I have aphantasia, I’m glad we’re all on a level playing field now.

[+] m3kw9|6 months ago|reply

To be fair, the model's ability came from us generating the training data.

[+] layer8|6 months ago|reply

The proof in the pudding will be if machines will be able to develop new art styles. For example, there is a progression in comic/manga/anime art styles over the decades. If humans would stop (they probably won't) that kind of progression, would machines be able to continue it? In principle yes (we are biological machines of sorts), but likely not with the current AI architecture.

[+] micromacrofoot|6 months ago|reply

it can only do this because it's been trained on millions of human works

[+] echelon|6 months ago|reply

Vision has evolved frequently and quickly in the animal kingdom.
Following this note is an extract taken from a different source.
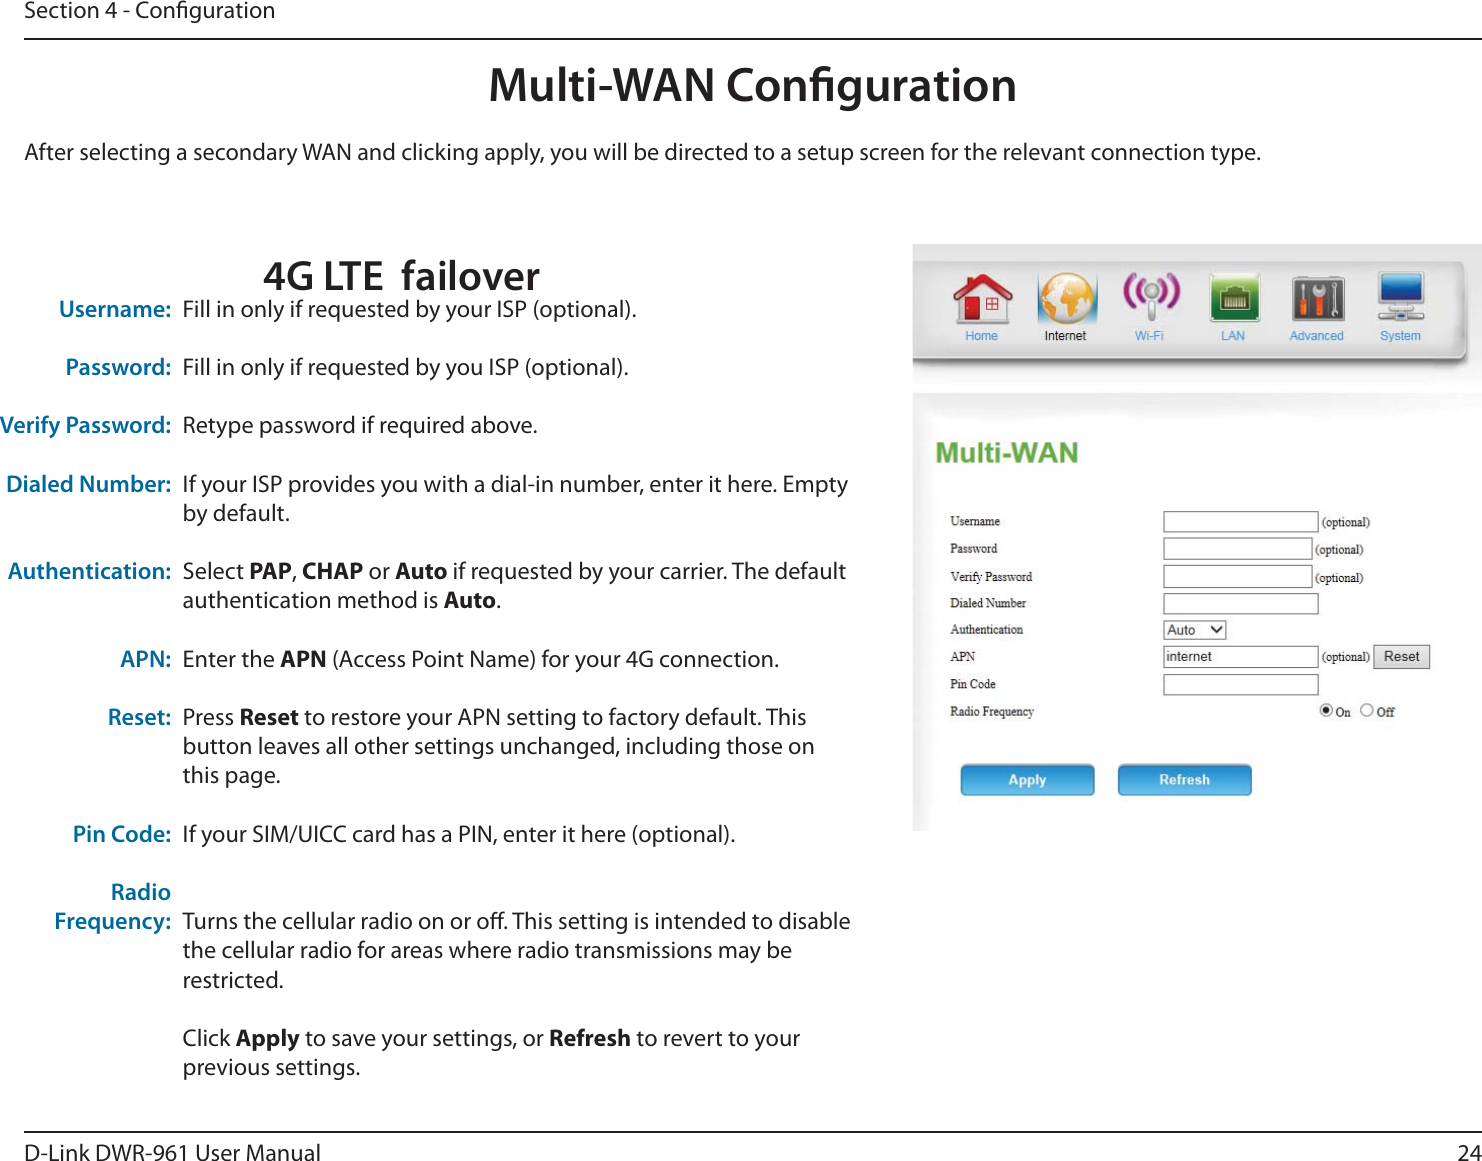 24D-Link DWR-9 User ManualSection 4 - CongurationMulti-WAN CongurationFill in only if requested by your ISP (optional).Fill in only if requested by you ISP (optional).Retype password if required above.If your ISP provides you with a dial-in number, enter it here. Empty by default.Select PAP, CHAP or Auto if requested by your carrier. The default authentication method is Auto.Enter the APN (Access Point Name) for your 4G connection.Press Reset to restore your APN setting to factory default. This button leaves all other settings unchanged, including those on this page.If your SIM/UICC card has a PIN, enter it here (optional).Turns the cellular radio on or o. This setting is intended to disable the cellular radio for areas where radio transmissions may be restricted.Click Apply to save your settings, or Refresh to revert to your previous settings.Username:Password:Verify Password:Dialed Number:Authentication:APN:Reset:Pin Code:Radio Frequency:After selecting a secondary WAN and clicking apply, you will be directed to a setup screen for the relevant connection type.4G LTE  failover

Conscious intelligence has not.

As another argument, we've had mathematical descriptions of optics, drawing algorithms, fixed function pipeline, ray tracing, and so much more rich math for drawing and animating.

Smart, thinking machines? We haven't the faintest idea.

Progress on Generative Images >> LLMs

[+] EGreg|6 months ago|reply

Seriously? One could always cut-and-paste (not the computer term) a hairstyle over a photo of a person.

You are now marvelling at someone taking the collective output of humans around the world, then training a model on it with massive, massive compute… and then having a single human compete with that model.

Without the human output on the Internet, none of this would be possible. ImageNet was positively small compared to this.

But yeah, what you call “imagination” is basically perturbations and exploration across a model that you have in your head, which imposes constraints (eg gravity etc) that you learned. Obviously we can remix things now that they’re on the Internet.

Having said that, after all that compute, the models had trouble rendering clocks that show an arbitrary time, or a glass of wine filled to the brim.

[+] stuckkeys|6 months ago|reply

that was deep.

[+] kylebenzle|6 months ago|reply

[deleted]

[+] dbish|6 months ago|reply

Nano banana is great. Been using it for creating coloring books based off photos for my son and friends’ kids: https://github.com/dbish/bespoke-books-ai-example

Does a pretty good job (most of the time) of sticking to the black and white coloring book style while still bringing in enough detail to recognize the original photo in the output.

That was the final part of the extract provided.